Regular Financial Audits: Conducting regular financial audits can help identify areas where costs can be cut. Audits can uncover inefficiencies and highlight unnecessary expenses that can be eliminated or reduced. By continuously monitoring your financial health, you can make informed decisions that keep overhead costs in check.

7. Evaluate Pricing Strategy:

Evaluating and optimizing your pricing strategy is crucial for maintaining profitability and competitiveness in the trucking industry. A well-thought-out pricing strategy ensures that you cover your costs, offer value to your customers, and remain competitive in the market.

Conduct a Cost Analysis: The first step in evaluating your pricing strategy is to understand your costs thoroughly. This includes both fixed and variable costs such as fuel, maintenance, driver wages, insurance, and administrative expenses. By having a clear picture of your cost structure, you can set prices that cover these costs and generate a profit. It’s essential to regularly update this analysis to account for fluctuating costs, such as fuel prices.

Analyze the Competitive Landscape: Understanding the pricing strategies of your competitors is critical. Conduct market research to see what other trucking companies charge for similar services. This can help you identify the average market rate and understand where your pricing stands relative to your competitors. If your prices are significantly higher or lower, consider the reasons why and adjust accordingly to remain competitive.

Assess Market Demand: Market demand plays a significant role in pricing. During high-demand periods, such as peak shipping seasons, you may have the flexibility to increase prices. Conversely, in periods of low demand, competitive pricing or discounts might be necessary to attract customers. Understanding the demand cycles in your industry can help you adjust your pricing strategy dynamically.

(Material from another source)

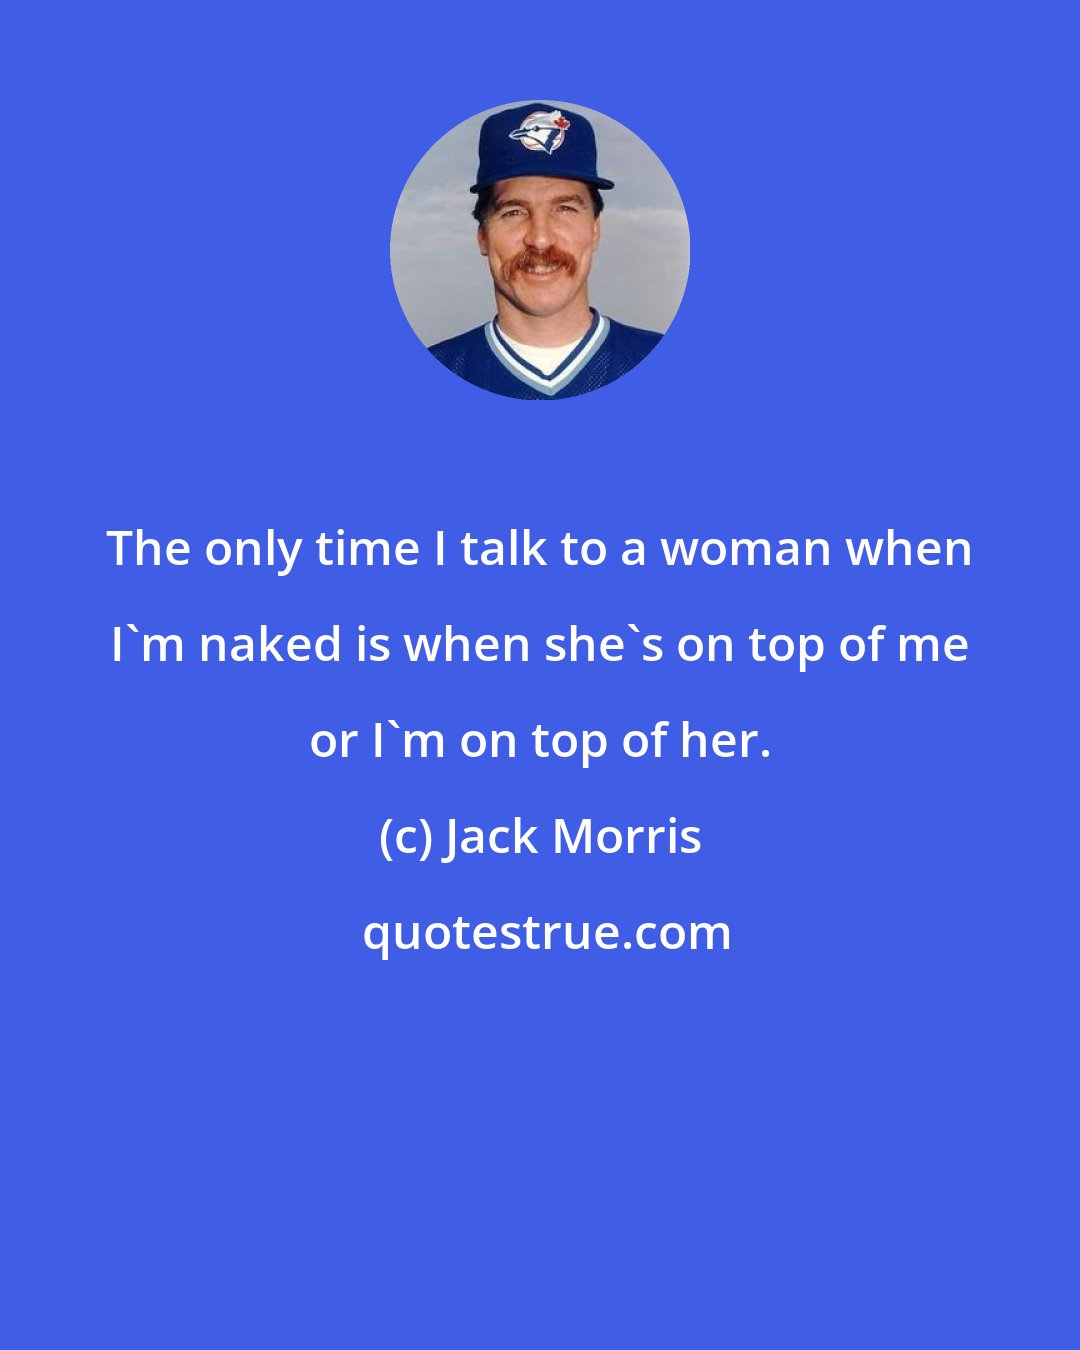 Jack Morris: The only time I talk to a woman when I'm naked is when she's on top of me or I'm on top of her.
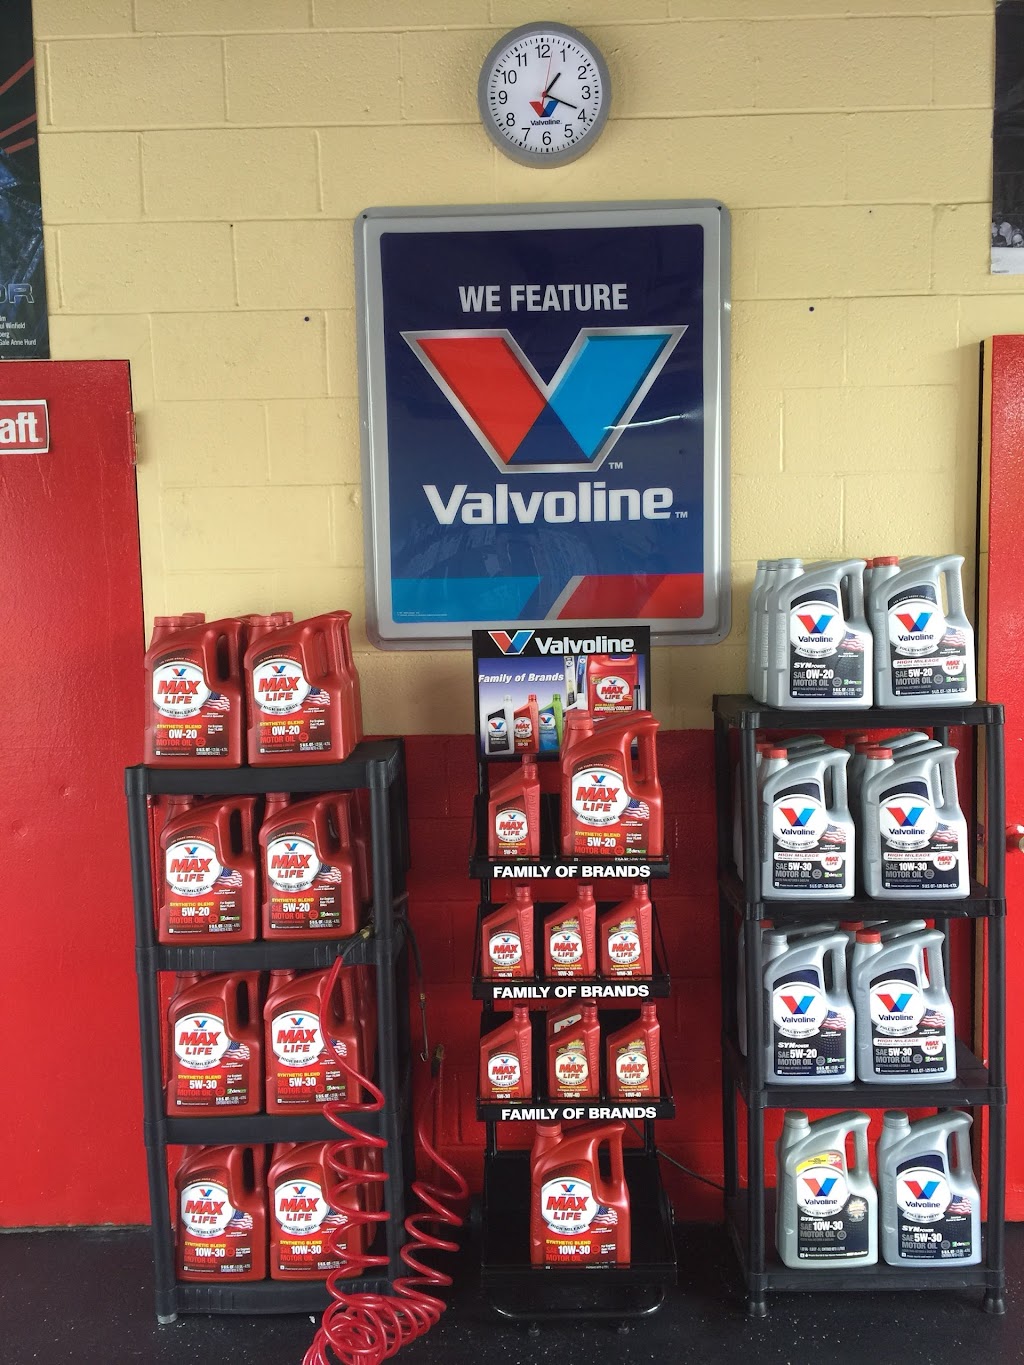 Berrys Oil Exchange - We feature Valvoline | 6988 Cooley Lake Rd #4110, Waterford Twp, MI 48327, USA | Phone: (248) 360-5301

The trucking industry faces several challenges in the current market, but there are ways to increase profitability. By investing in technology, optimizing load planning, controlling fuel costs, focusing on customer satisfaction, diversifying services, reducing overhead costs, and evaluating pricing strategy, businesses can improve profitability and remain competitive. It’s crucial to stay proactive and flexible in the face of changing market conditions to succeed in the trucking industry.